The only way to avoid the inefficient use of white space that would result from preserving the present squatting of large numbers of users is to move towards a new method of serving wireless mic needs that does not give them exclusive, hence inefficient, spectrum. Let me note that CMRS licensees already have the regulatory flexibility offer femtocell-like systems that transmit wireless mic signals on CMRS spectrum without interconnection to the public network - one way connections from the microphone to the theatre/church audio panel. While the microphones and analog-to-digital convertors (DAC) used in cell phones are not of sufficient sound quality for many wireless mic applications, there is enough CMRS bandwidth available now to permit adequate quality with better mics and DACs. If the CMRS crowd really wants 800 MHz below 3 GHz , maybe it should seriously think about helping FCC by proposing a practical alternative to the wireless mic impasse.


Another approach to solving wireless mic spectrum problems is to move this use to another band where it will have a compatible spectrum sharing partner. Since wireless mics are a distinctly short range service, such sharing should be possible. For starters, the 1435-1525 MHz aeronautical telemetry band might be considered.


But letting wireless mics just sit in white spaces will inevitably cause problems for both the current policy adopted under Docket 04-186 and any alternative path the Commission might go down.

1 comment:

Henry Cohen said...

A thoughtful and realistic commentary, one with which I generally agree, and I would venture most of my compatriots would as well. Two points though; one minor, one more significant:

1) Shure was hardly the only player in extensive marketing efforts to non-Part 74 eligible users; all wireless microphone manufactures (about a dozen or so) offering [type approved] product in North America participated in what could be construed as questionable target marketing.

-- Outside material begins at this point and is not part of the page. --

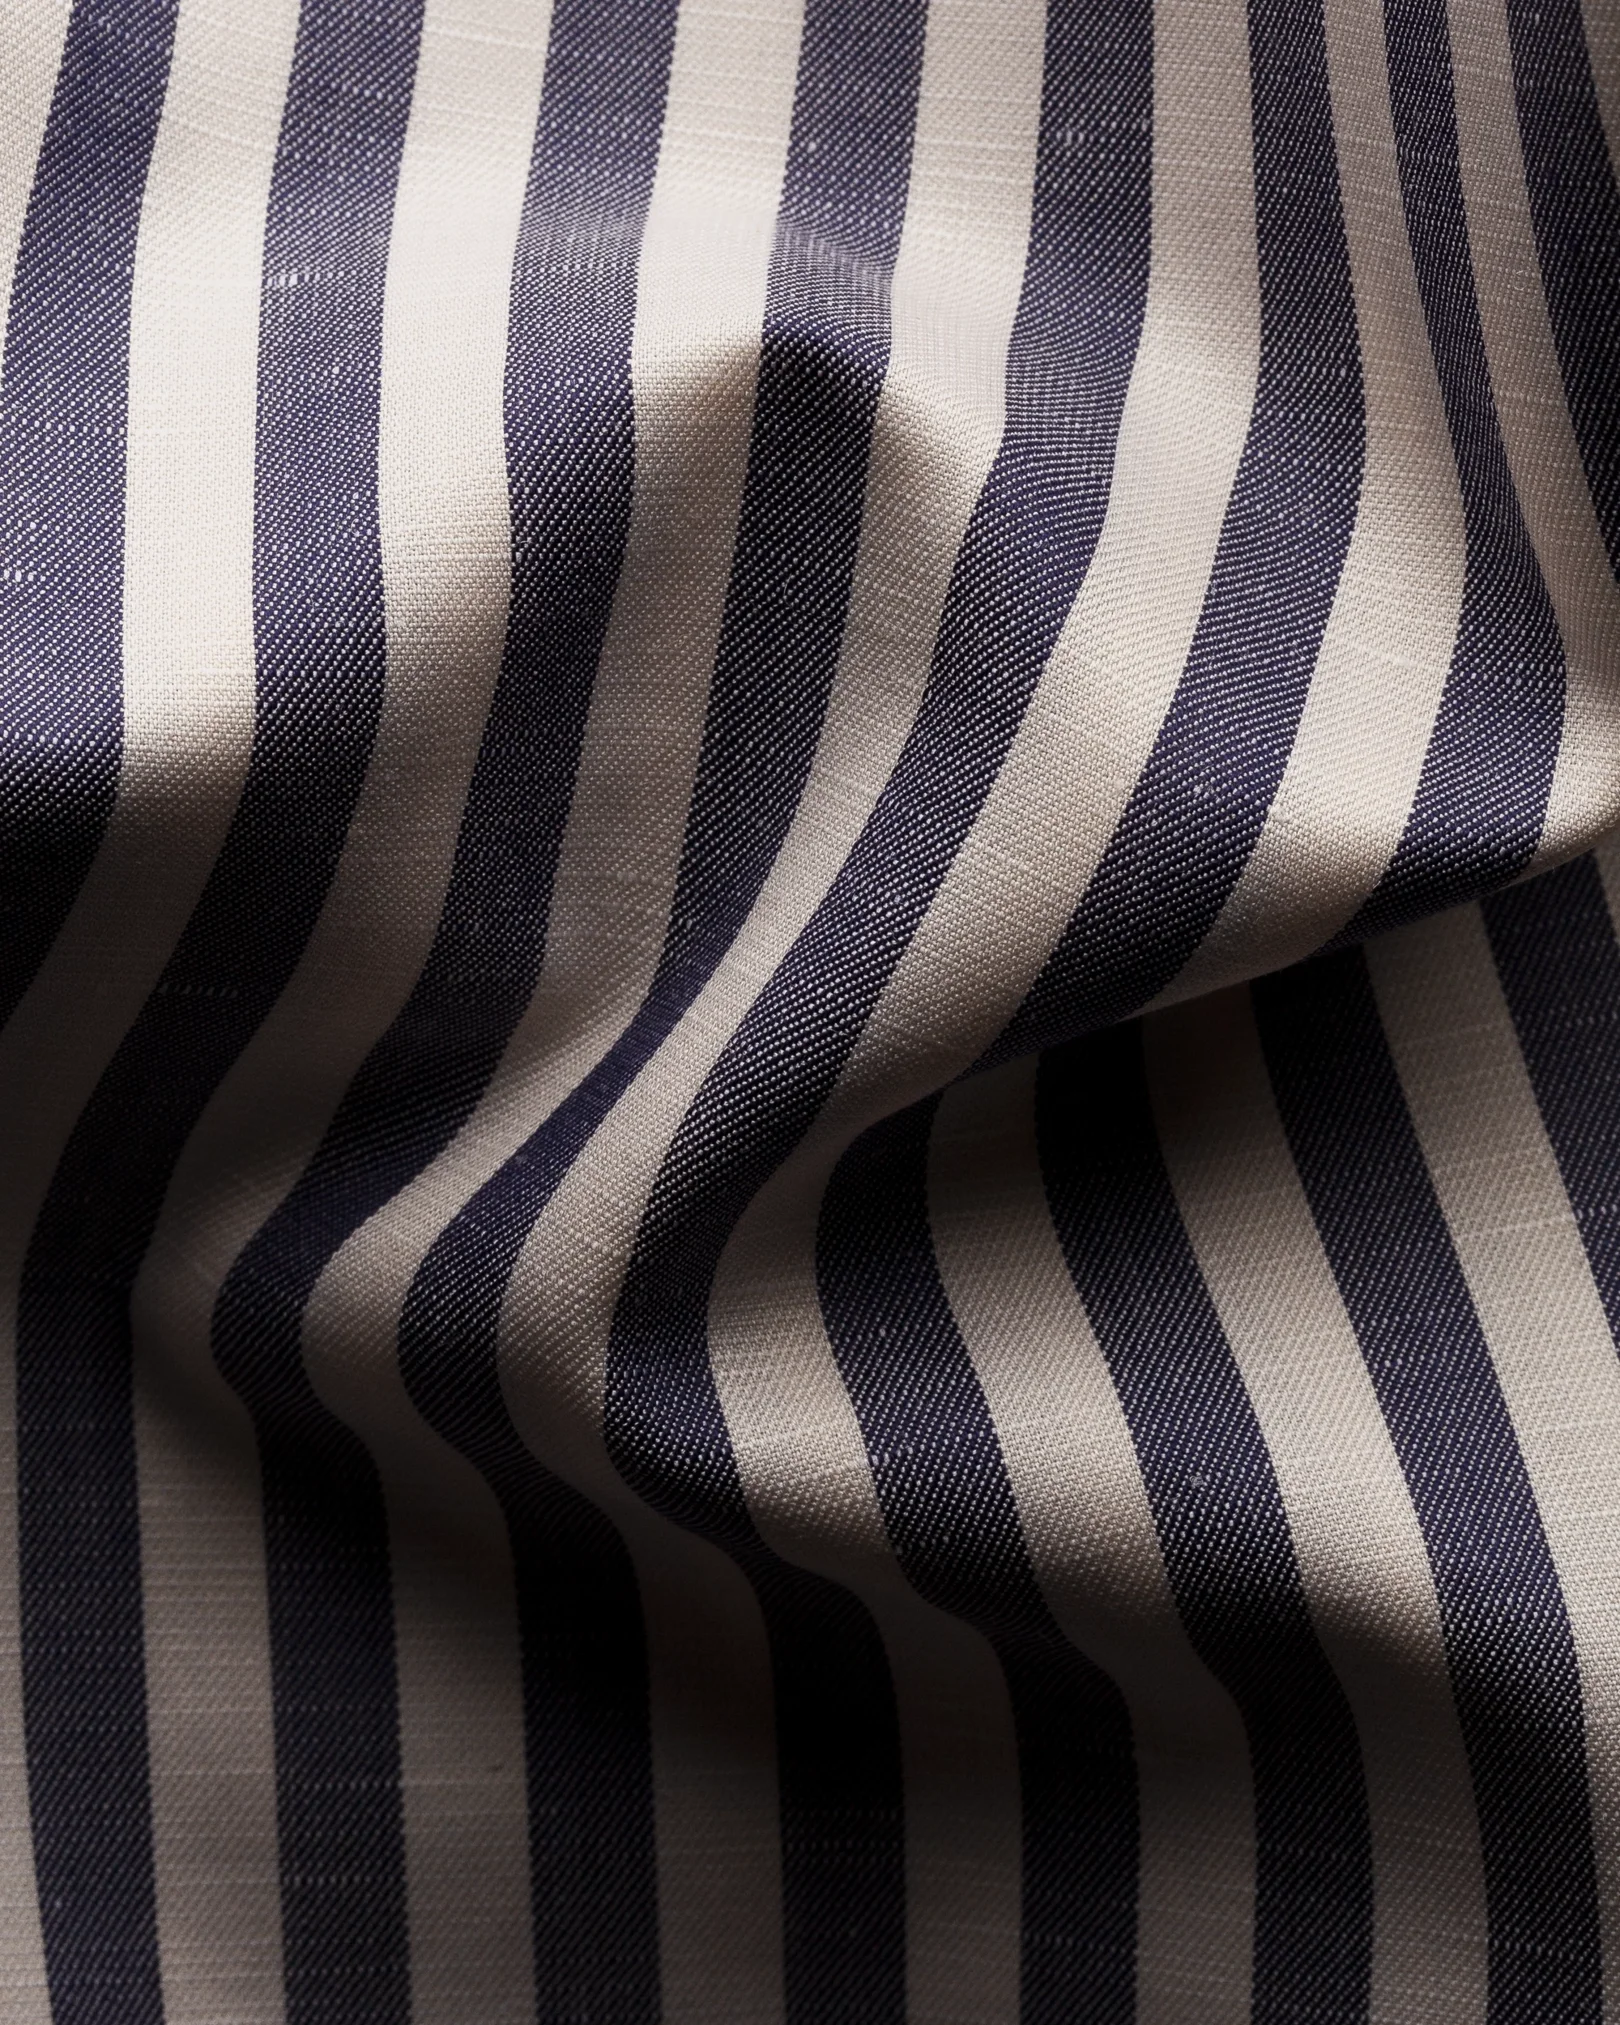 Eton - navy blue bengal stripe linen cotton shirts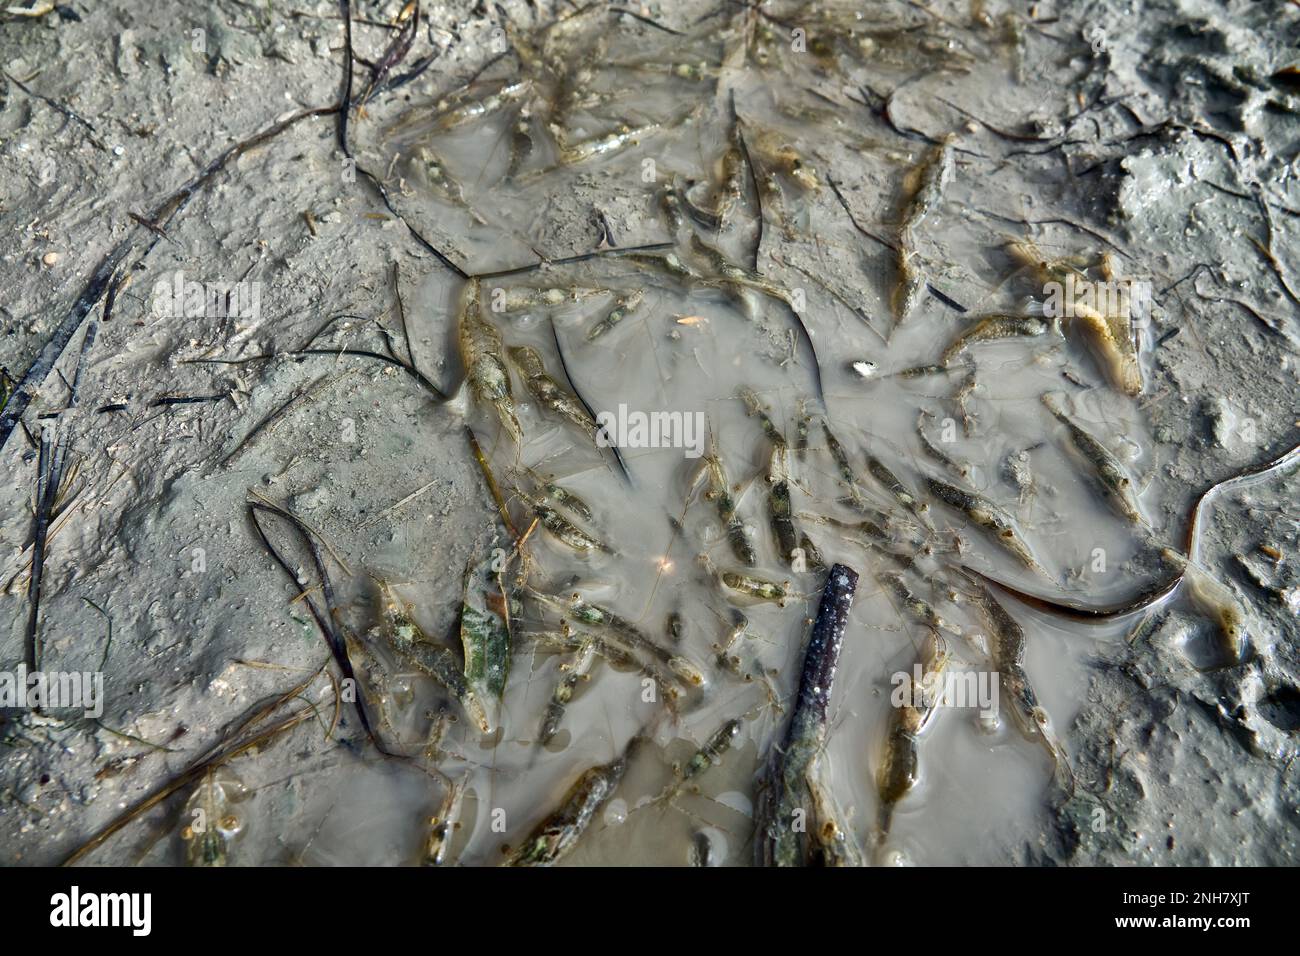 Offshore, wind., Shrimp, die, remaining, muddy, water, lagoon Stock Photo

2) Although I and my compatriots would happily consider almost any other spectrum to supplement the UHF-TV band for wireless operations, limitations due to physics come into play. Whereas >900MHz is fine for wireless intercom where voice quality is less critical, or cueing where the body worn device is a receiver, this upper spectrum is quite problematic for wireless microphones, especially body packs - the staple of theatrical (Broadway) productions: RF absorption by the human body is tremendous. This comes from years of experience of using STL band equipment and more recently actual field strength measurements. Further, complex stage sets and longer distances render this upper spectrum useless in many situations.

The point is, if consumers of live or live/taped events expect the same level of audio quality they experience today, we'll need to continue to have interference free use of some UHF-TV spectrum, at least until technology improves in as yet an unforeseen scope.